**DATA TO USE:**
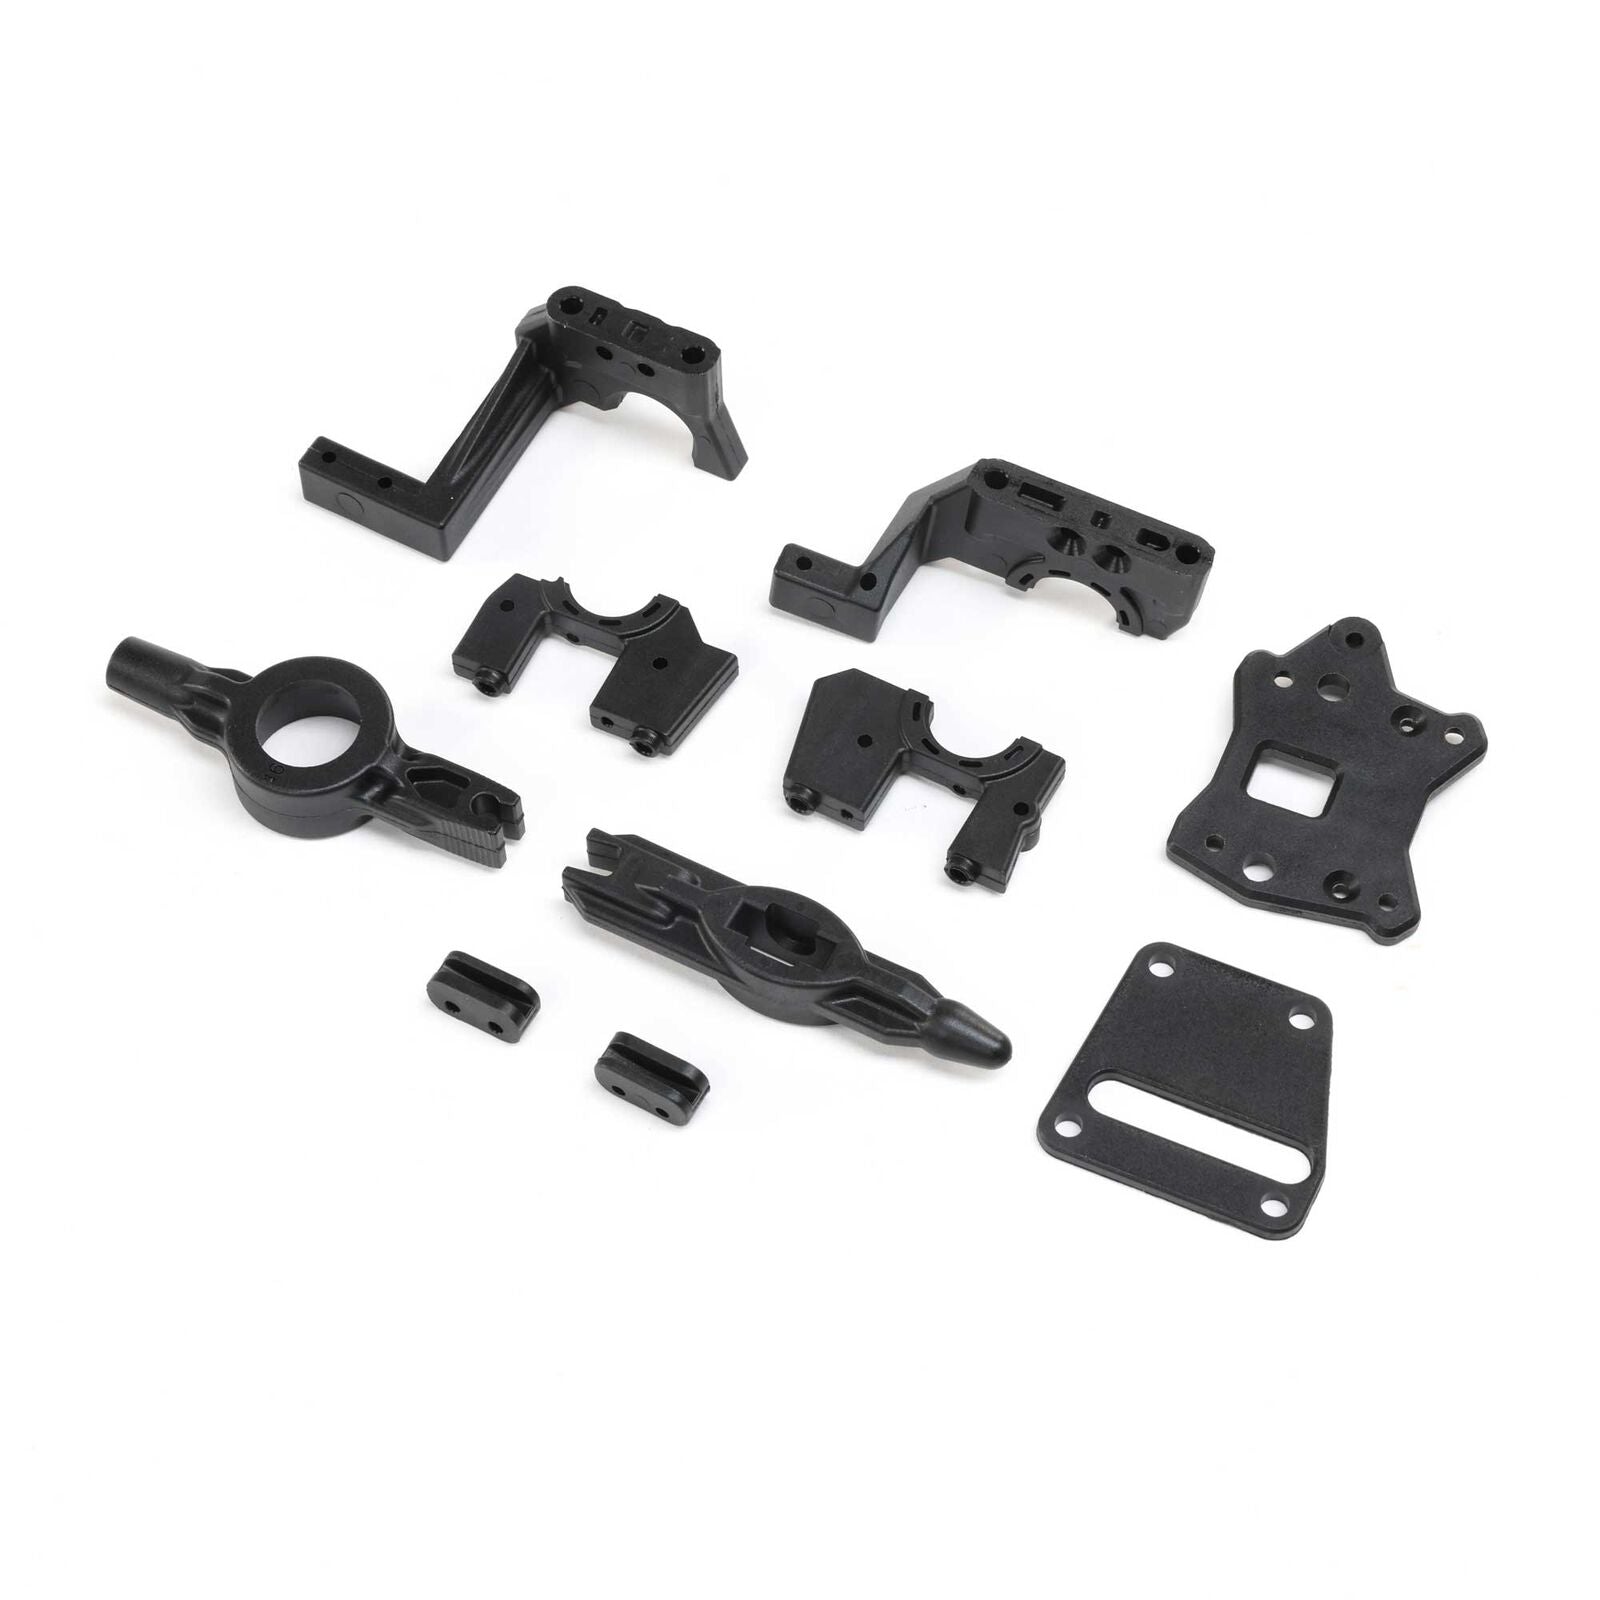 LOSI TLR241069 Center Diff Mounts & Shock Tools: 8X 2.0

---

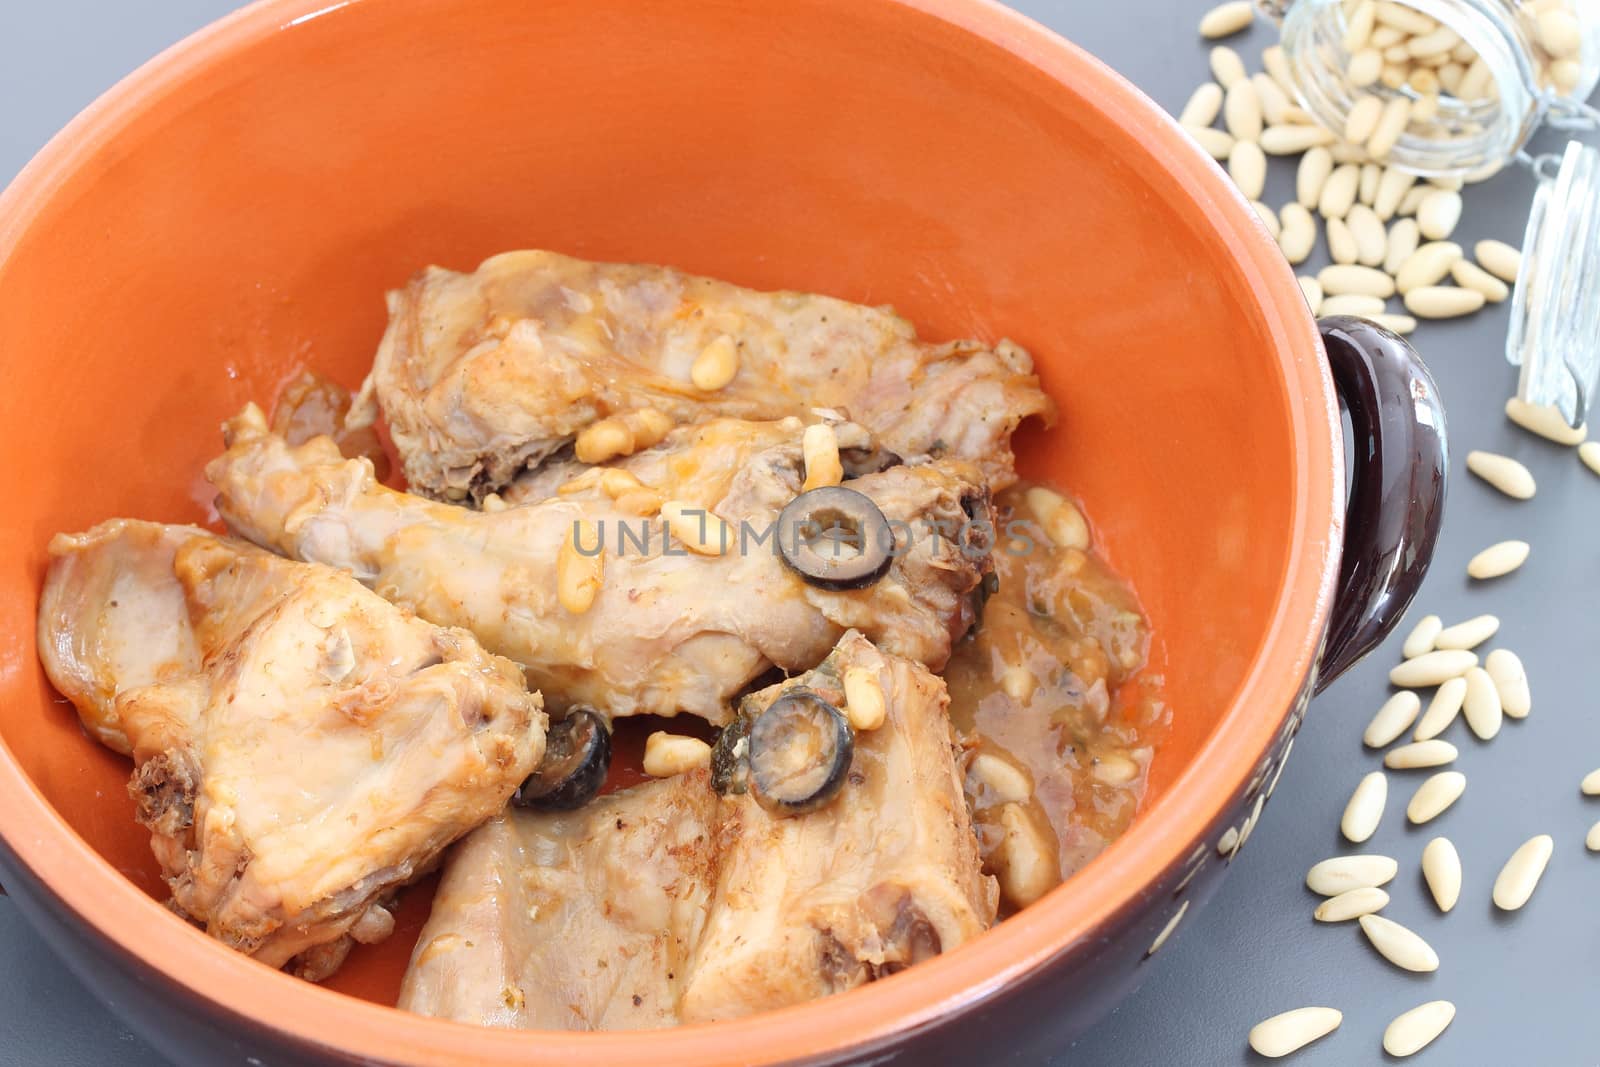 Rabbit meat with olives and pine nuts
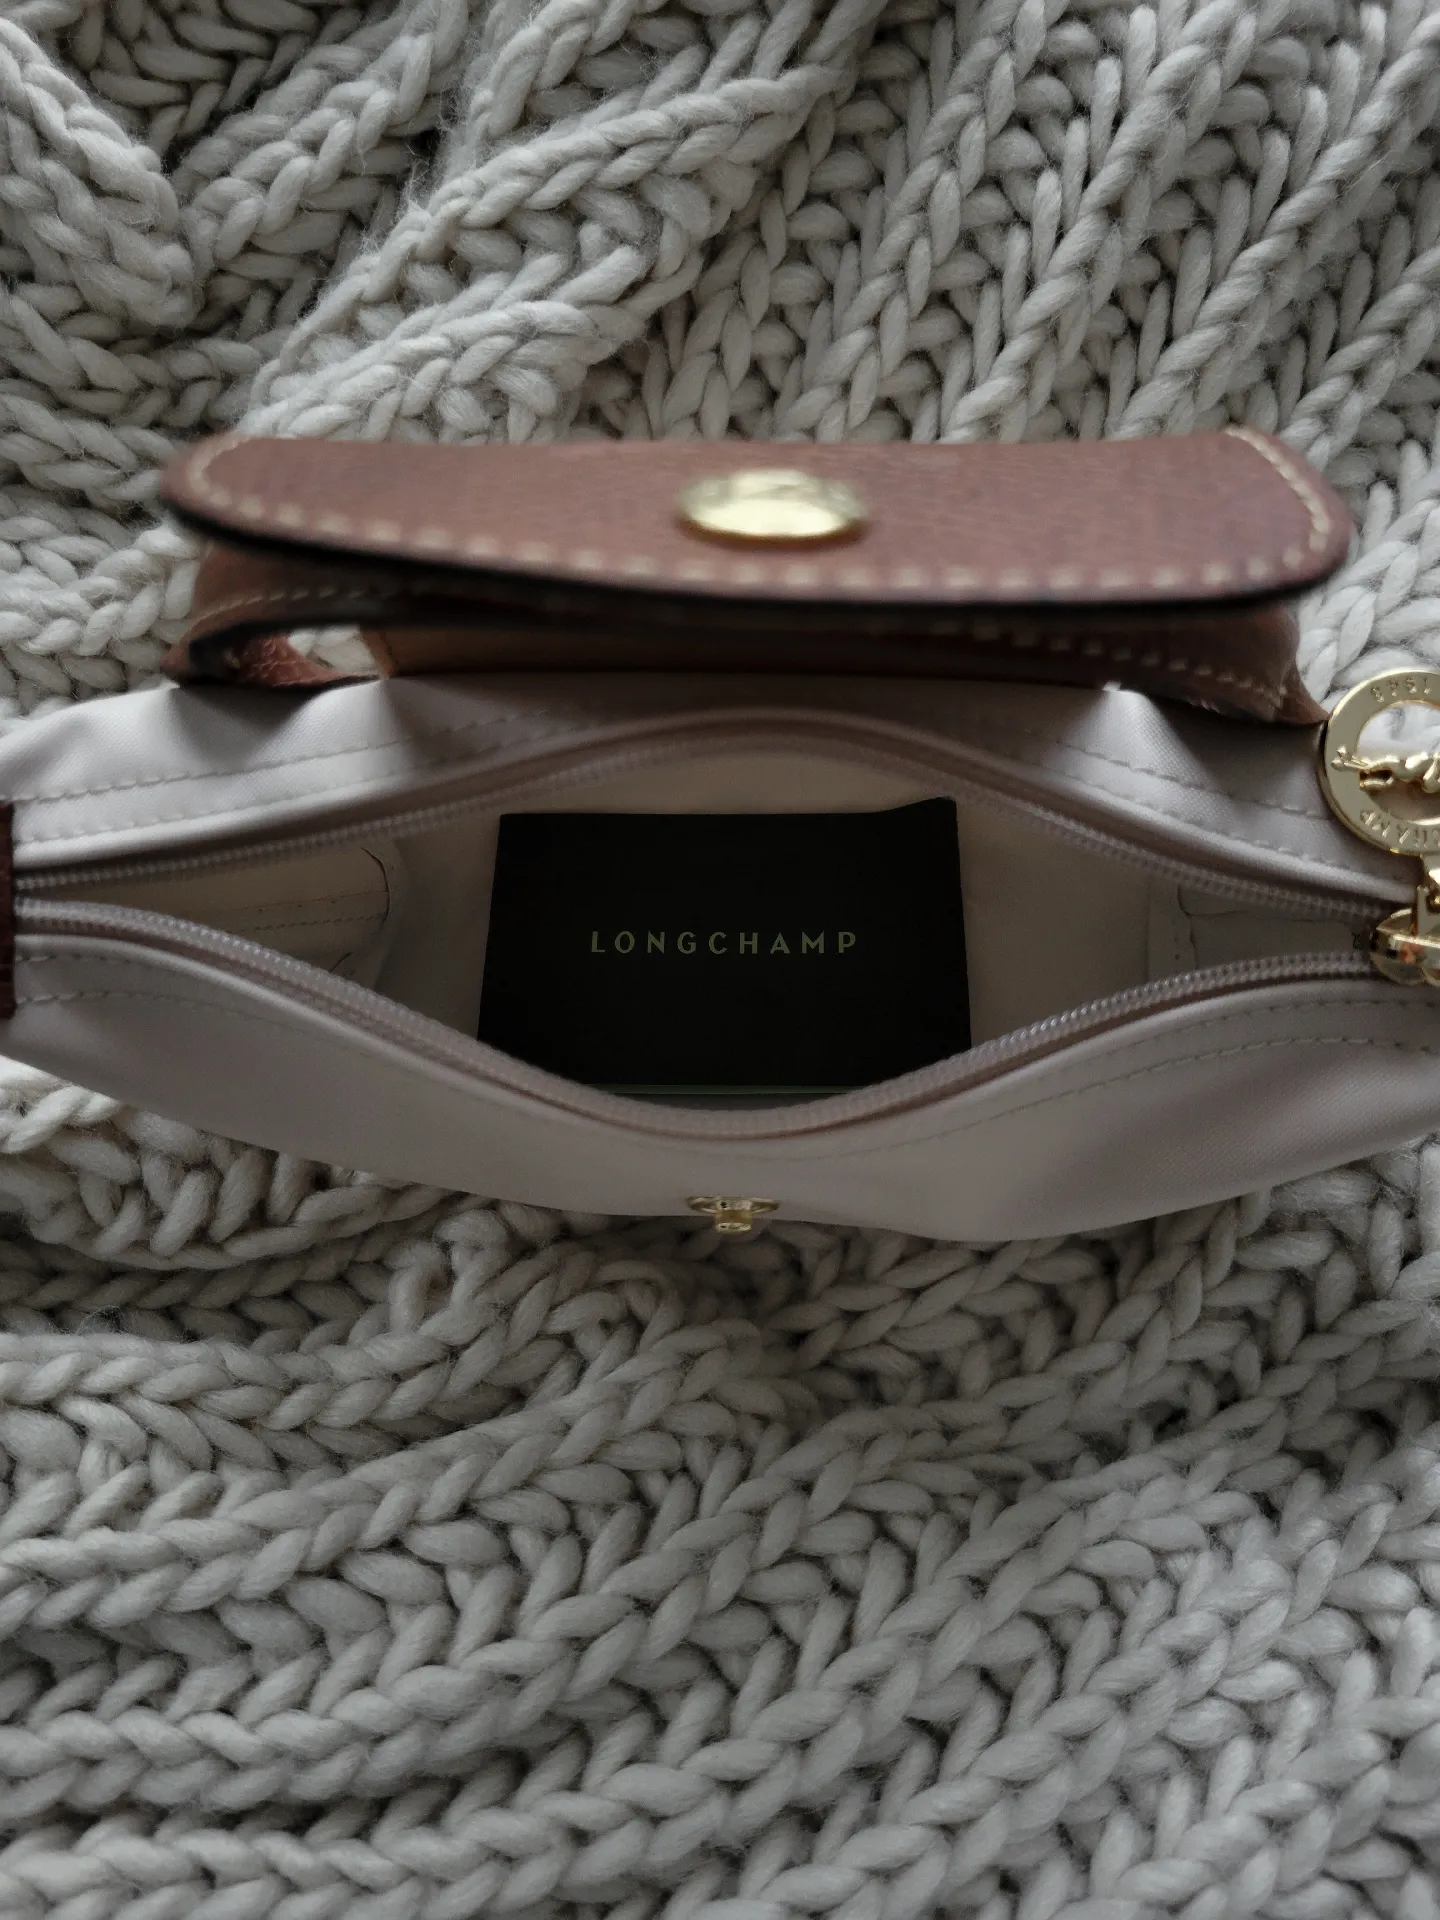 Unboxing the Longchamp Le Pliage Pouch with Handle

--

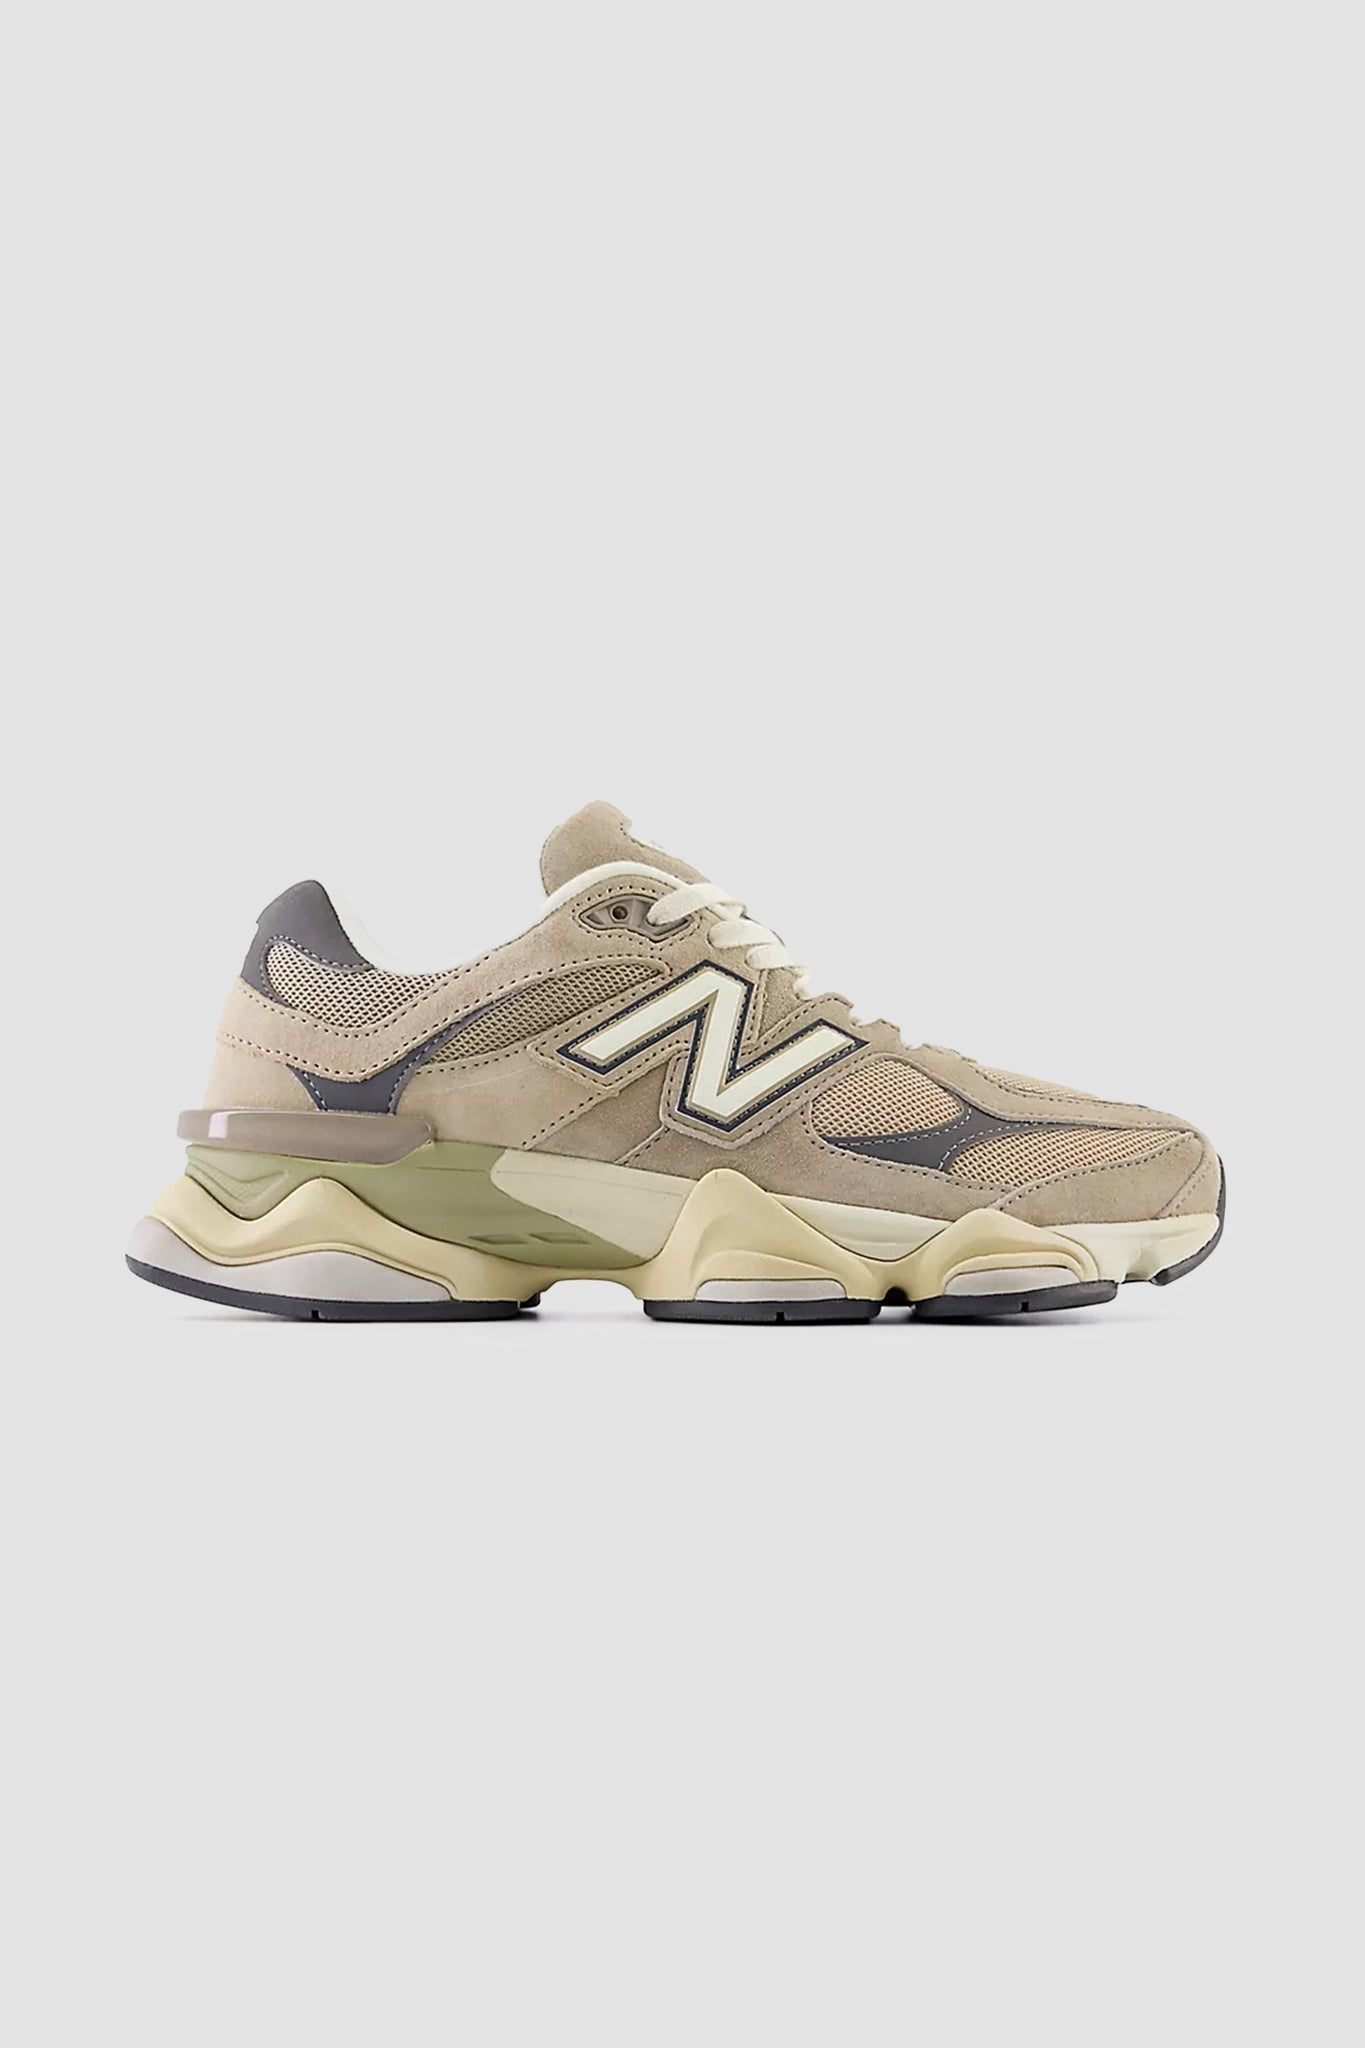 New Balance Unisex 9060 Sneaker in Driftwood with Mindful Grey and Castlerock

**EXERCISE DESCRIPTION:** Go to the line above holding "Rabbit meat with olives and pine nuts", then copy exactly each line down to and including the one holding "Unboxing the Longchamp", leaving pictures out.

**EXPECTED ANSWER:**
 Rabbit meat with olives and pine nuts
 Unboxing the Longchamp Le Pliage Pouch with Handle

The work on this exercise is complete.